I wore my jeans, strappy platform shoes, my fringy-suede vest, and a flower-power blouse like I’d seen Julie (Peggy Lipton) on Mod Squad wearing – at seventeen, she was my fashion idol. And of course, my sunglasses stayed on top my head, holding my long hair back, just like Julie’s. On Fridays, I worked for Dad at our downtown Portland shoe shop. Sometimes after work, we stopped somewhere so he could have a quiet drink, me a coke, and maybe have something to eat before going home to a bucket of Kentucky fried chicken, my rambunctious three younger brothers and my mother’s impossible to anticipate, shifting, diet-pill induced moods.
Dad went up to a table right next to the stage where two guys were seated, he leaned down and said something to them, then took out his money clip and handed them a crisp ten-dollar-bill. They stood. At first, I thought they looked angry and that maybe dad was gonna get into a fight.

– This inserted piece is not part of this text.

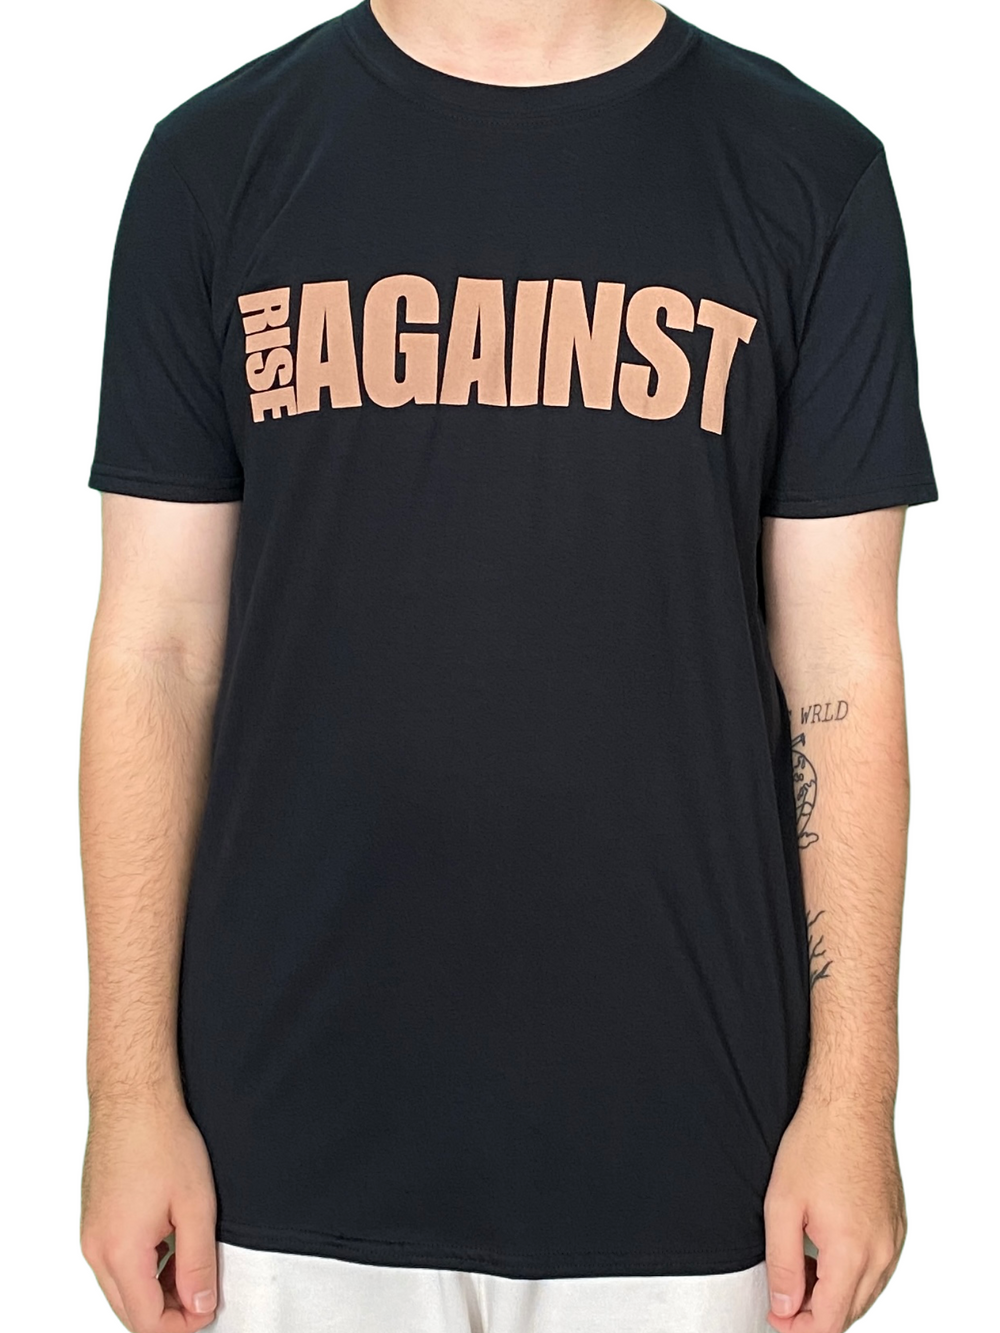 Rise Against Name Unisex Official T Shirt Brand New Various Sizes

But then one said, “Your daughter, well…” they looked at me and smiled, “Happy twenty-first birthday.” And they left. We sat at the table right at the edge of the stage. Those peanut shells on the floor kept getting into my cool platform shoes and cutting at my feet. It hurt. I thought, what would Julie do? Yes, I was that corny and tragically trying to be cool at seventeen. Well, Julie would act like nothing was wrong, even if her foot was bleeding. So, I kicked off my shoes and propped my feet on the chair next to me. Dad smiled, we toasted, clinking our bottles together as the lights went down. The crowd hushed, and that large man on stage stepped up to the microphone and didn’t say a word, but the next few seconds I quickly recognized the beginning guitar notes of ‘The Thrill is Gone’. I leaned across the table to my dad who was nodding his head and had a smile on his face like I’d never seen on him before. I almost didn’t’ want to intrude, but then said, “Is that…?”
“Yep.” He said, still nodding, still smiling. “BB King.”
That was the night, the place, the song and the surprising blues-loving man I was with, when I was introduced to the blues.
Later, in my twenties I returned to ‘D Street’ on many Saturday nights to hear bands like Vegas and Paul Revere and the Raiders, because no matter how ‘Julie’ cool I tried to be, my favorites songs were ‘Kicks’ and ‘Indian Reservation.’ We danced our butts off. But there was never a night there more special than the one I spent with dad, sipping a beer and listening to BB King.

TELL your readers a story, don’t leave out the details like rocks in your shoes, smells, sights, sounds and sacred memories.